無論、これも大企業で様々な分野が存在する中では有利になる話で、分野が限られてくる業種では難しいかもしれない。

しかし、適正適育では人の長所を見極め、その長所を伸ばすことで

プロフェッショナルを育成していくのだ。

スポーツを例に挙げるなら、ディフェンスとして志望して入った人材が身長が高くヘディングが上手いがディフェンスは上手くないと感じた場合、ヘディングの能力を活かしてフォワードに抜擢するという決断に結びつくのが「適正」の意味。

その上で、本人が相反するポジションのフォワードとディフェンスどちらに興味が持てるかを見極めてより興味の持てる方で伸ばすのが「適育」となる。

人は興味があれば趣味に没頭するように勝手に学ぼうとする。

学ぶうちに自分の能力に応じて向き不向きが自己判断で解るようになり他へも興味が湧くように成る。

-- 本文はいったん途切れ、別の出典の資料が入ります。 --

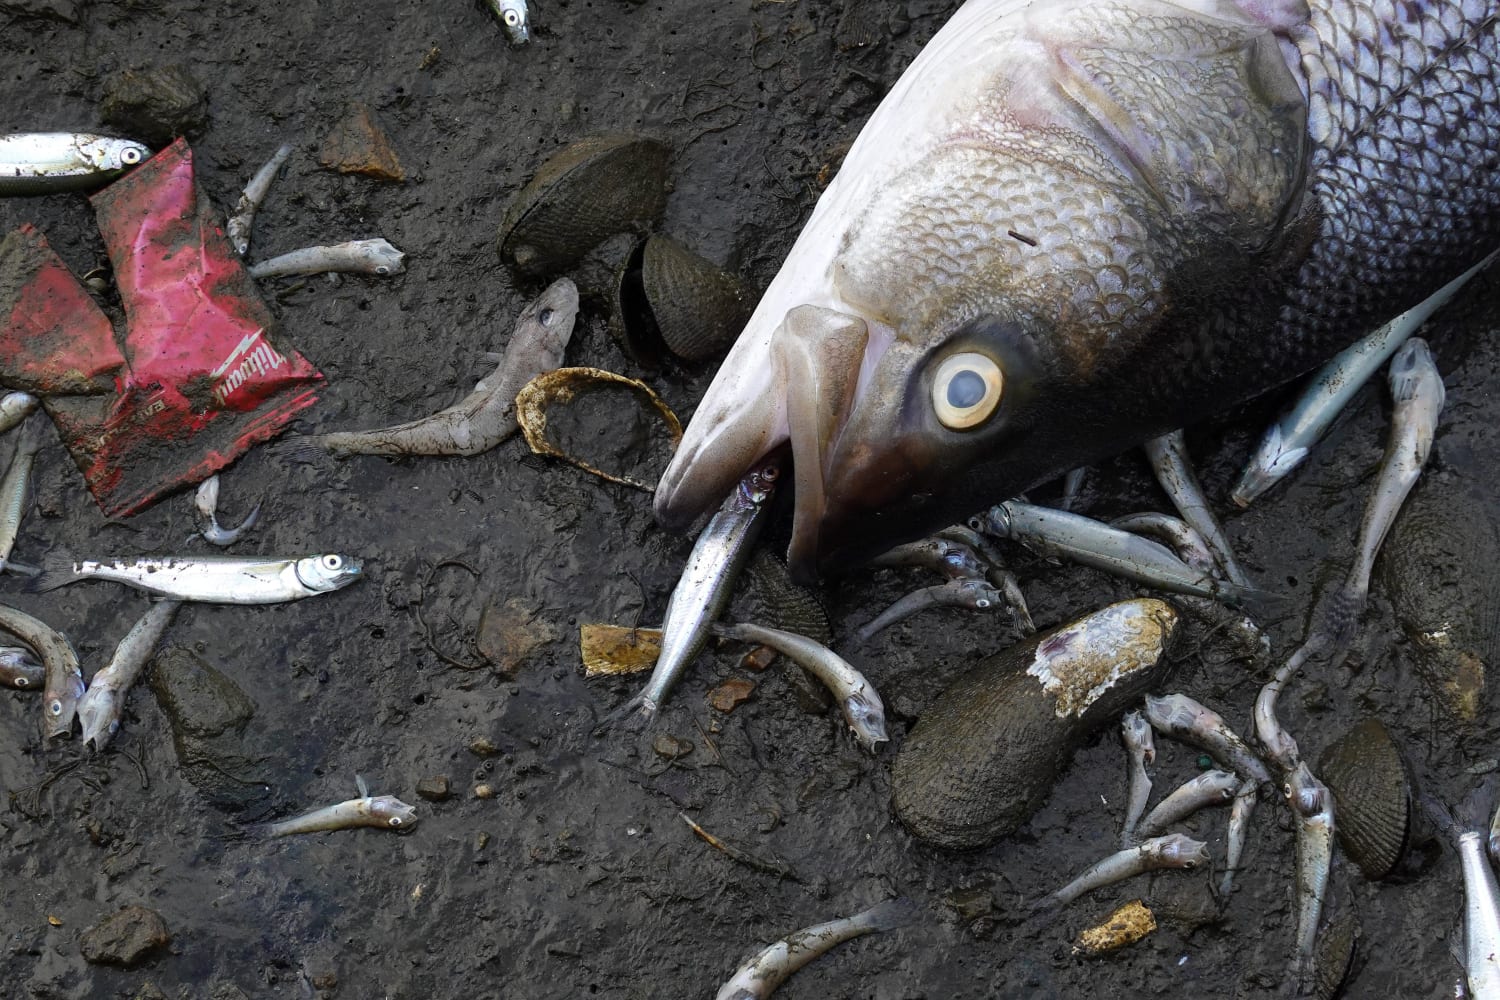 Toxic algae bloom kills off fish around San Francisco Bay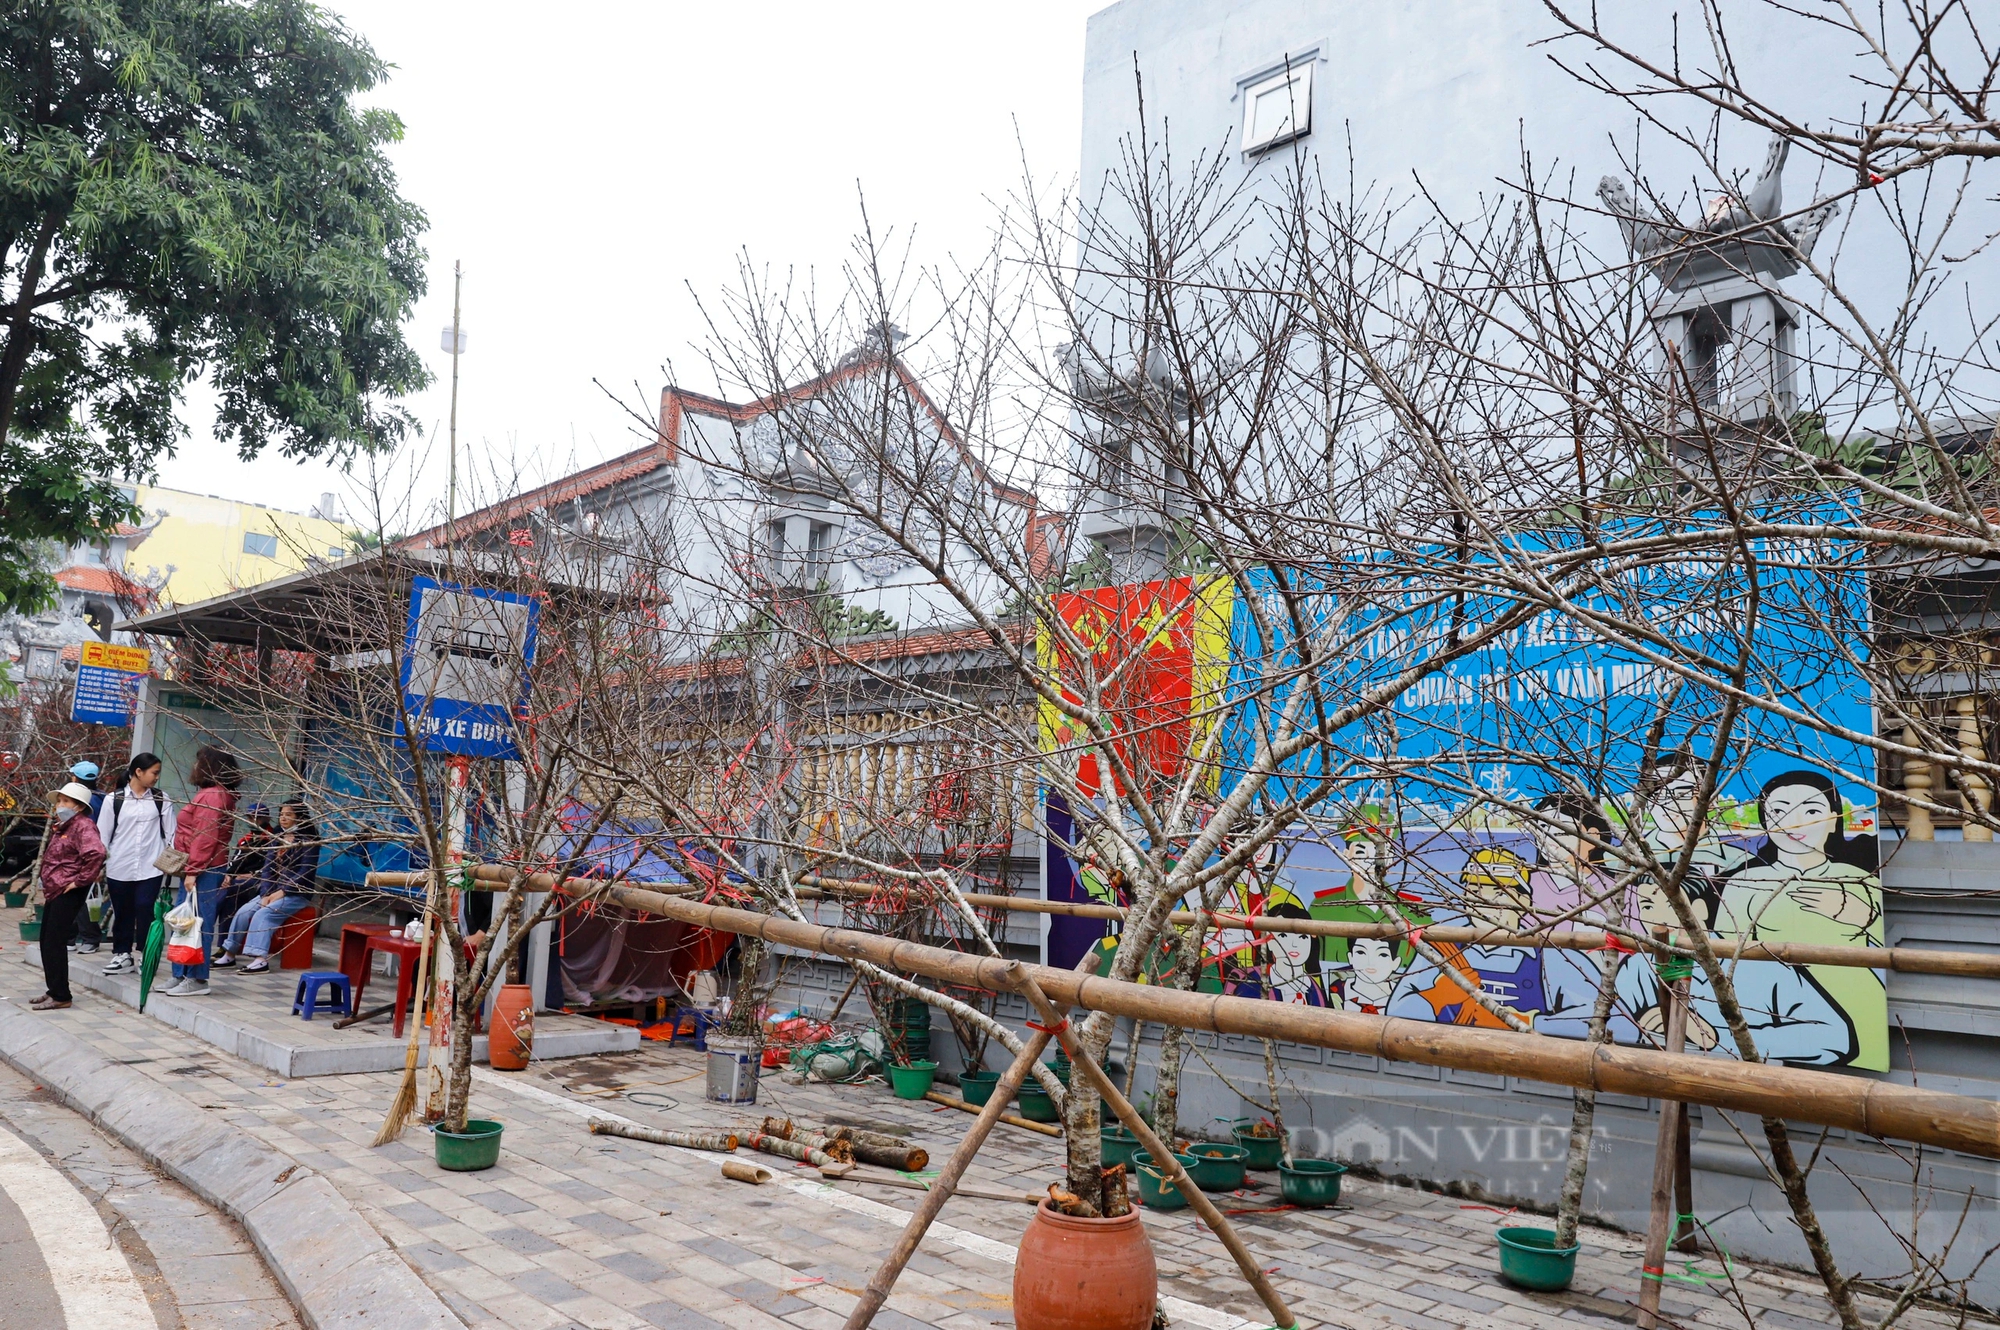 Đào chỉ dành cho khách “chịu chi, chịu chơi” bắt đầu khoe sắc trên đường phố Hà Nội- Ảnh 9.

興味のない場所で学ばせても、それは勉強でしか無いわけで学習を怠るのだ。

年齢的な制限のあるスポーツ界でそんな悠長な話を用いるのは得策では無いと言えるかも知れないが、学習によって学んだ経験は実は専門的な指導者として育成する事が出来るのだ。

ヘディングという限定された分野に限られるかもしれないが、ヘディングだけを研究したプロフェッショナルは、どういうポジショニングが良いか、どういう体の使い方が良いかを指導する立場として活きてくる訳で、そういう研究を他の選手に伝えさせることで選手の質が向上していくのだ。

「うつけ」である後の信長の兵法では、

自分が「うつけ」=「面倒くさがり」と自認して、興味のない分野は「無知」であると悟った上で、自分が興味を注げない分野のプロフェッショナルを育てていくのである。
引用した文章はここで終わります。